- The paper proposes two novel algorithms that leverage entropic regularization to efficiently compute Wasserstein barycenters.
- It introduces fixed and free support methods, reducing computation cost and ensuring convex optimization via matrix scaling.
- Applications in image visualization and constrained clustering highlight the practical benefits of summarizing high-dimensional data.
Fast Computation of Wasserstein Barycenters
The paper "Fast Computation of Wasserstein Barycenters" by Marco Cuturi and Arnaud Doucet addresses the problem of computing the mean of a set of empirical probability measures under the optimal transport metric. This mean, known as the Wasserstein barycenter, is significant in various applications within statistics and machine learning, particularly in scenarios requiring the comparison, summarization, and dimensionality reduction of empirical probability measures.
Summary of Contributions
The primary contribution of this work is the proposal of two algorithms to compute Wasserstein barycenters. These algorithms build upon the subgradient method but surmount its computational cost by extending prior work with an entropic regularizer for the Wasserstein distance. The regularization yields a strictly convex objective with substantially reduced computational cost for gradient computations through matrix scaling algorithms. The authors provide thorough theoretical underpinnings for their methods, as well as practical applications for visualizing a large family of images and solving a constrained clustering problem.

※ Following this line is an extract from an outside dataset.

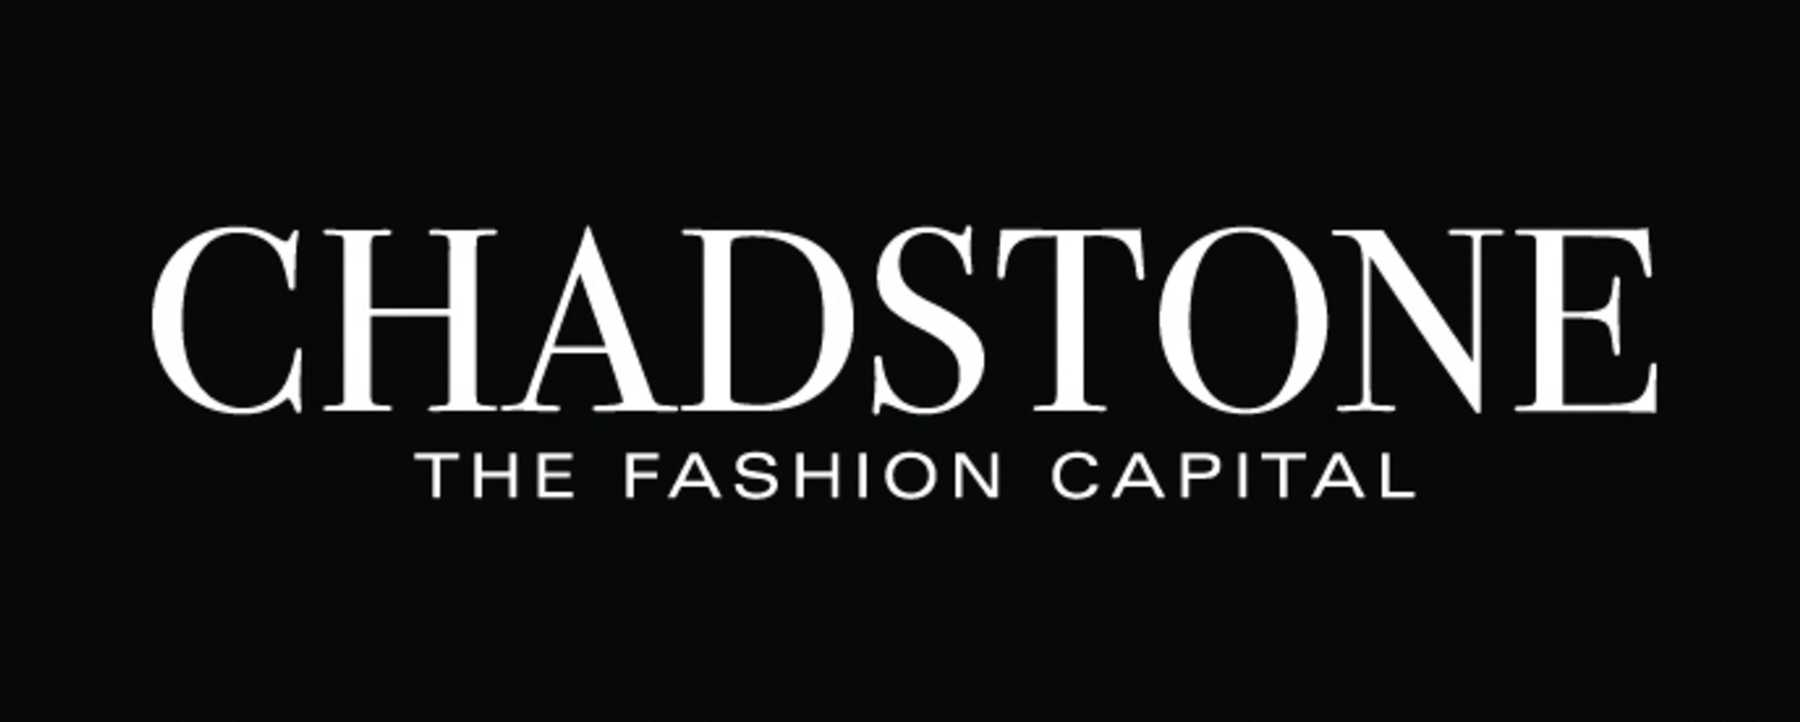 Chadstone_resize
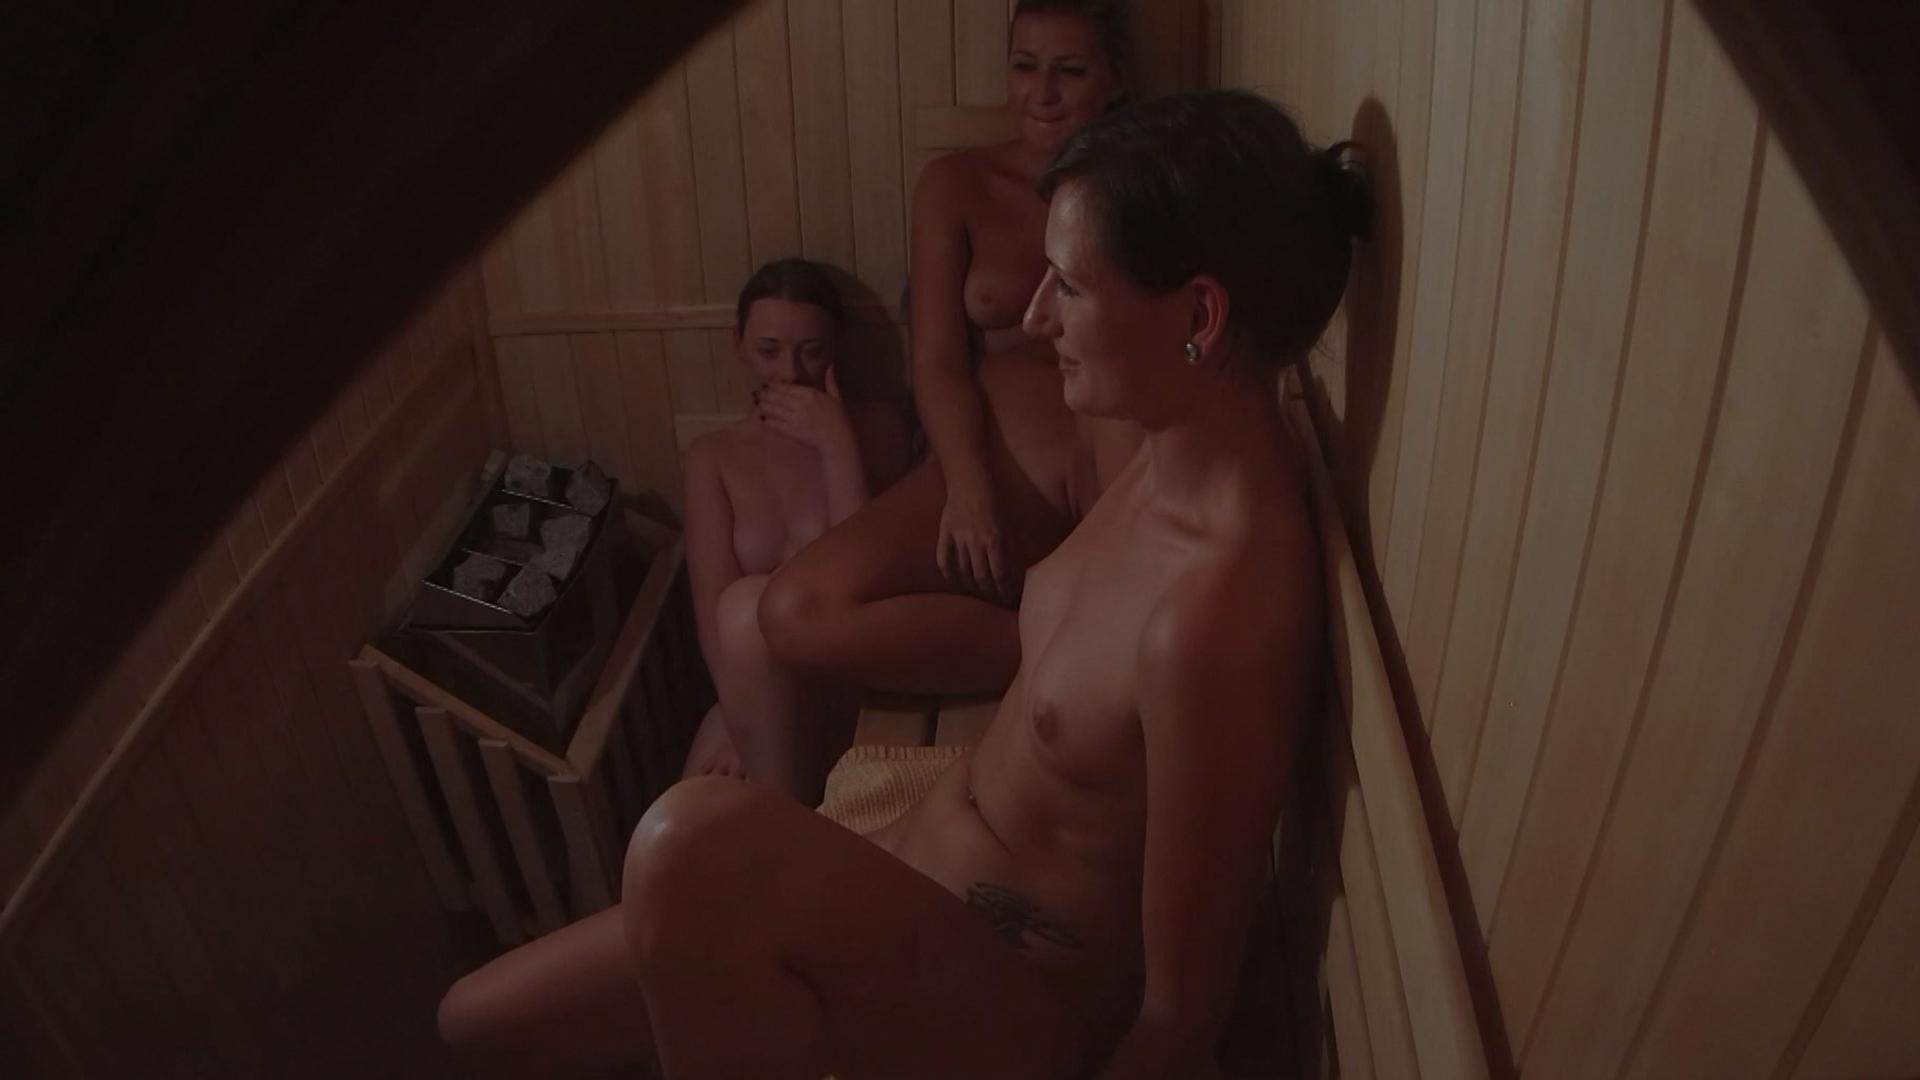 Скрытая порно в сауне

Background on Optimal Transport
The authors begin with a concise but comprehensive review of the Wasserstein distance and its relevance to optimal transport problems. Given two probability measures μ and ν on a space X, their p-Wasserstein distance is defined with respect to a metric D on X. For empirical measures, the computation of this distance reduces to solving a network flow problem.
Definition and Special Cases of Wasserstein Barycenters
The paper defines a Wasserstein barycenter problem as the minimizer of the sum of p-Wasserstein distances from an empirical measure to a set of given measures. This problem encompasses several special cases, such as finding centroids of histograms and constrained k-means.
- Centroids of Histograms: When X is finite and p=1, the $1$-Wasserstein distance is equivalent to the Earth Mover's Distance.
- Euclidean X and k-Means: For p=2, minimizing this objective in a Euclidean space is equivalent to the k-means problem.
- Constrained k-Means: When the weights of the barycenters are constrained, the problem approximates scenarios in sensor deployment and resampling in particle filters.
Proposed Algorithms
- Fixed Support Algorithm (Algorithm 1): This algorithm handles the case when the support of the barycenter is fixed but the weights are variable and lie in a convex subset of the simplex. It uses a projected subgradient method for weight optimization.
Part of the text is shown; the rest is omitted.